Chancellor Rishi Sunak leaves No. 11 to deliver his Spending Review. Photo: Yui Mok/PA Wire/PA Images
The phasing out of the retail price index (RPI) in favour of the consumer prices index plus the cost of housing (CPIH) will have a significant impact on traditional defined benefit pension schemes.
In his Spending Review on 25 November, chancellor Rishi Sunak announced that the RPI measure of inflation will be phased out from 2030, meaning members of such schemes will receive smaller than expected increases in their annual pension upgrades.
The government and the UK Statistical Authority this week published their response to a consultation on the timing of RPI reform, assessing whether it could be achieved from 2025. However, the chancellor said that to minimise the impact on holders of index-linked gilts, he will be unable allow reforms until 2030.

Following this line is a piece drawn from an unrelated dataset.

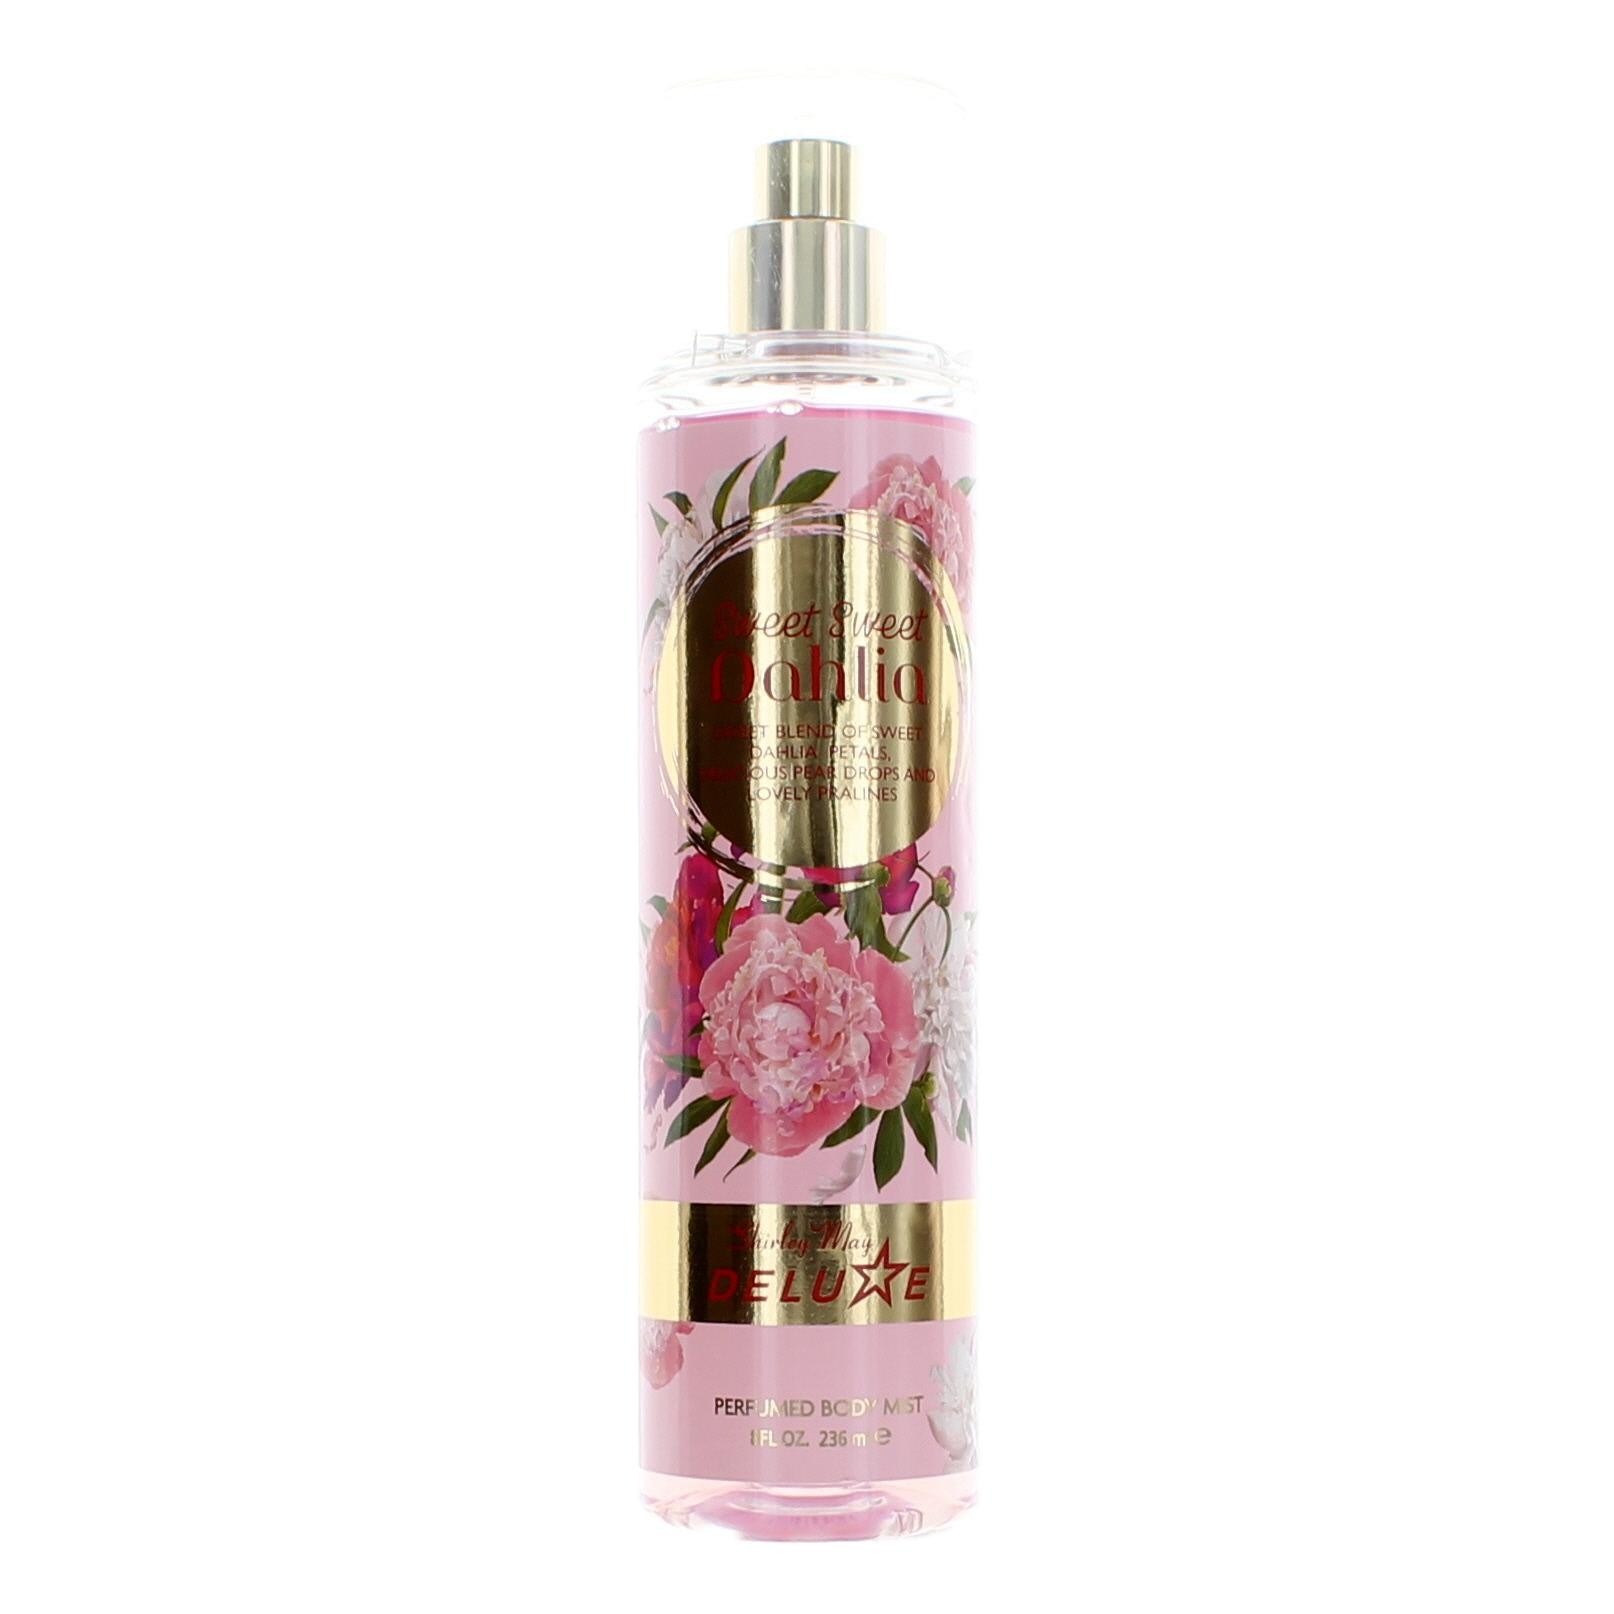 Sweet Sweet Dahlia by Shirley May Deluxe 8 oz Perfumed Body Mist for Women

CPIH is typically about 0.8 percentage points lower than RPI. The Pensions Policy Institute has calculated that DB scheme members that currently use RPI will be approximately 9% worse off over their lifetime.
Judith Fish, professional trustee at Dalriada Trustees, said: “The issue of pensions indexation looks set to become one of the key pensions issues of the decade.
“Although similar in terms of impact on members to the change in statutory revaluation and pension increases when they were changed from RPI to CPI, this change has a far wider impact.”
Lesley Alexander, president of the Pensions Management Institute, added: “It was inevitable that RPI was ultimately to become aligned with CPIH, but we must not lose sight of the implications for pension schemes and their members. This change will result in a significant drop in the value of scheme assets.
“This turn, will see scheme sponsors, whose existing commitments to defined benefit schemes have already caused serious financial stress, placed under even more pressure. At the same time, members whose benefits in payment are matched with index-linked gilts will also suffer a longer-term loss in income. We should consider the impact that this change will have on the credibility of the pensions system.”
John Baines, partner in the risk settlement team at Aon, said: “Most schemes which have RPI-linked benefits and which are looking at buy-ins and buyouts, are well hedged, while insurers are also required to hedge benefits closely. Therefore, this news is likely to give them even greater certainty, and particularly as we head into 2021 with lots of schemes looking to purchase insurance.
“However, while some pension schemes with CPI-linked benefits may have seen their funding position deteriorate, the availability of long-term assets that more closely align with these benefits could be the one bright star on the horizon.”